| Dataset content |
——————————
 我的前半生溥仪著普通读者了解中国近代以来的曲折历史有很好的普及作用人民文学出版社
——————————
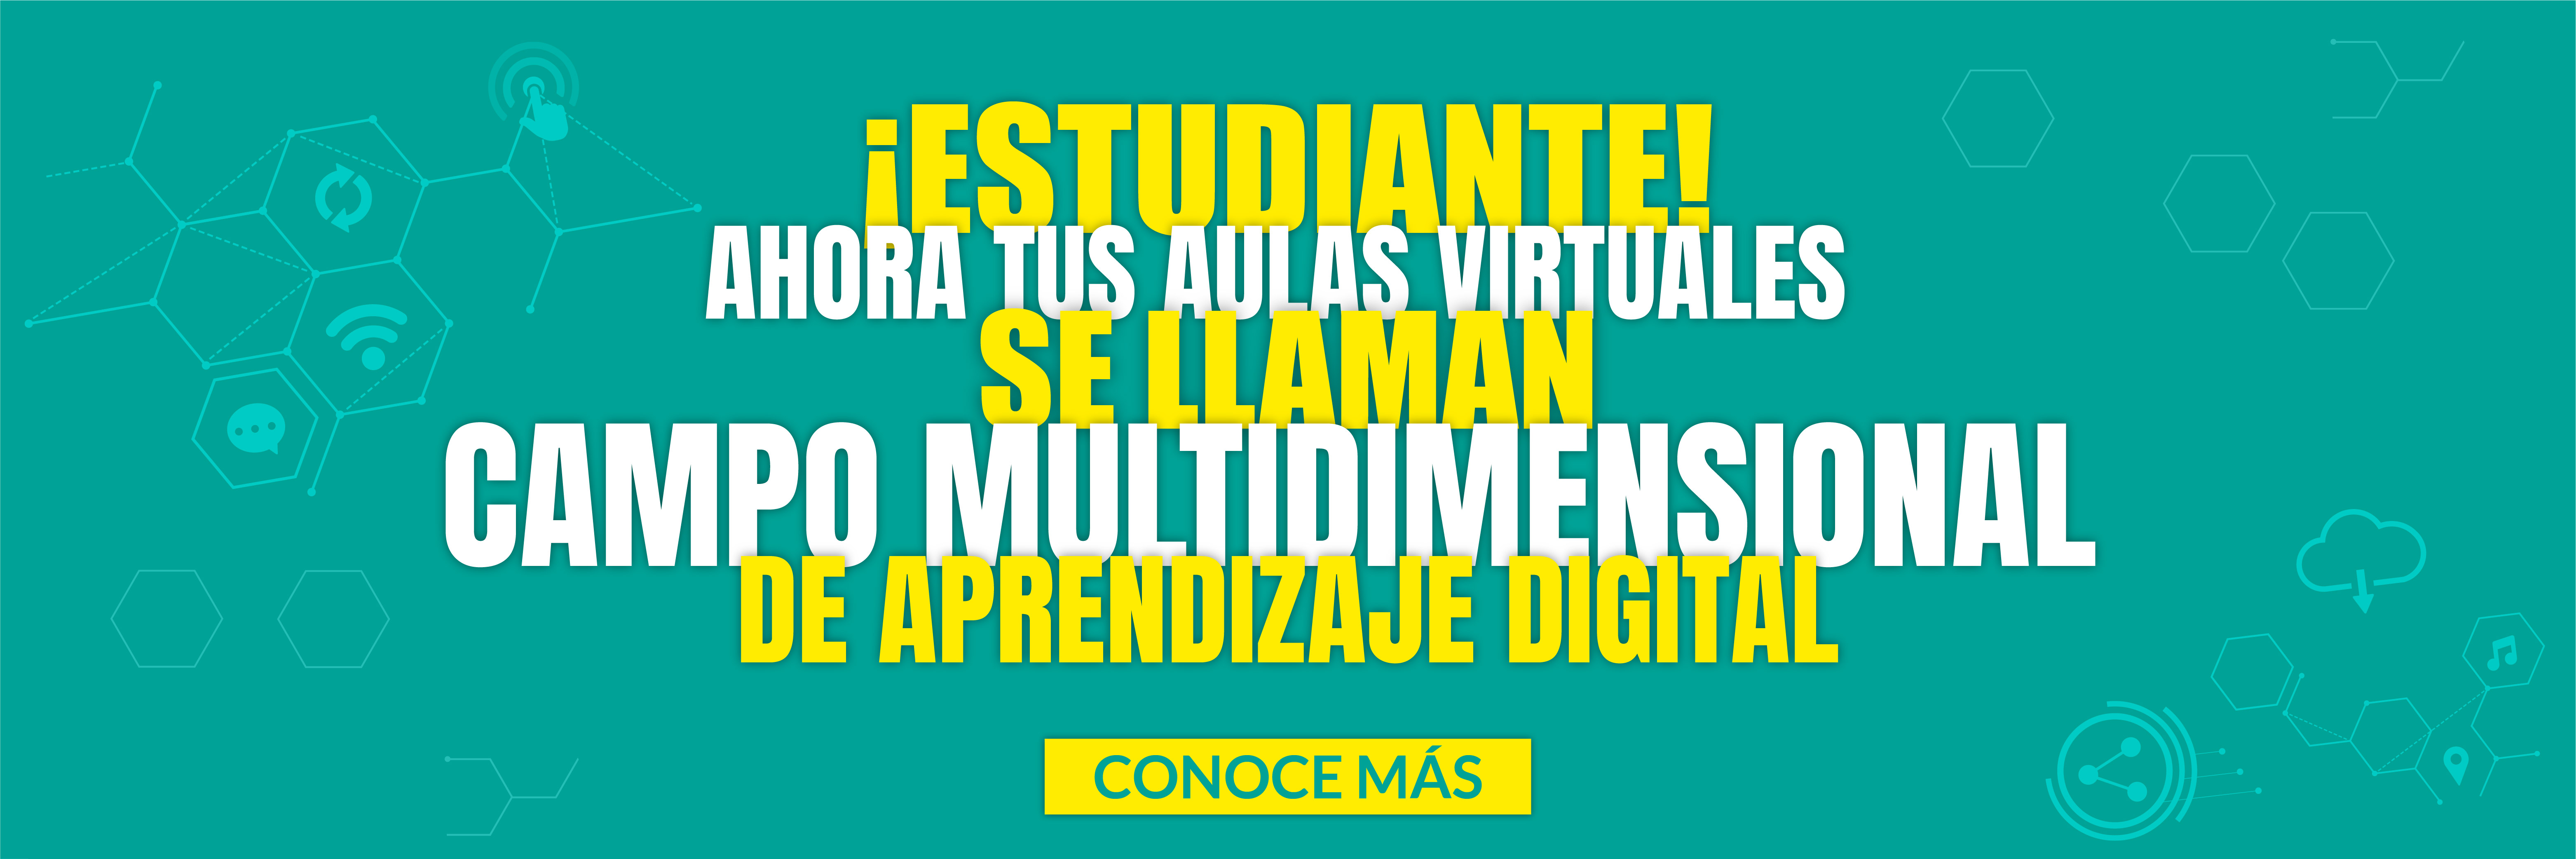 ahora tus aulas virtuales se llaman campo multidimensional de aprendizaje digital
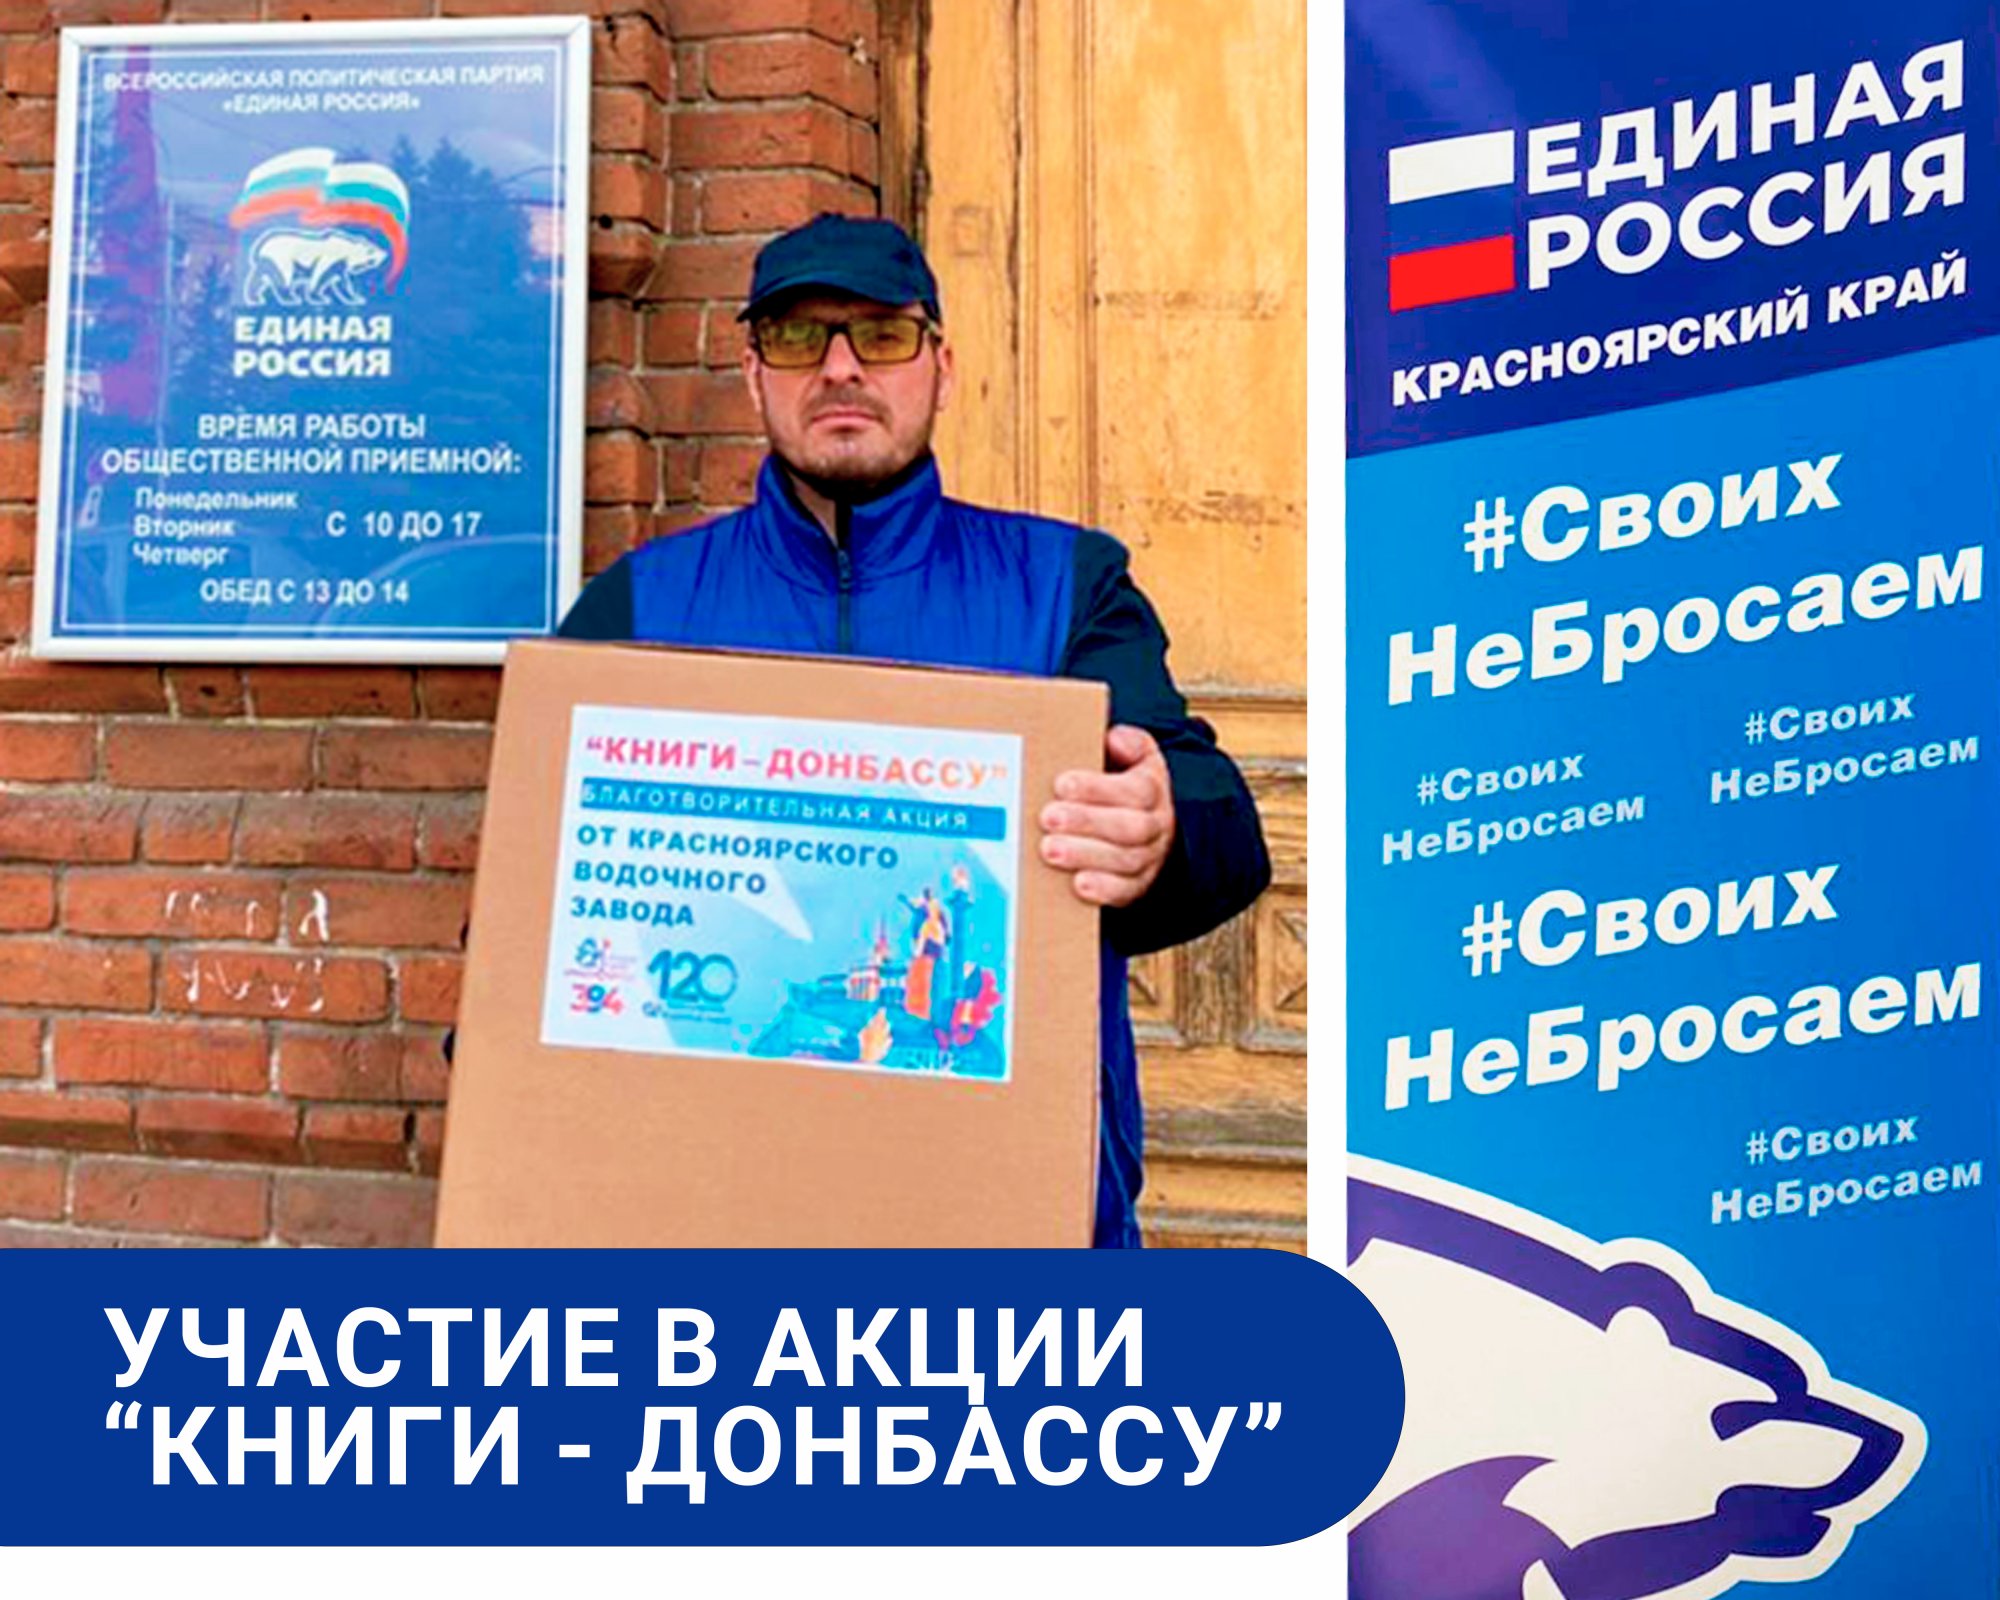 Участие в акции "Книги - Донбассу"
——————————
Exact copy, pictures excluded: from the line with "ahora tus aulas" up to and including the line with "Участие в акции" in the data above.

| Answer for the task |
 ahora tus aulas virtuales se llaman campo multidimensional de aprendizaje digital
 Участие в акции "Книги - Донбассу"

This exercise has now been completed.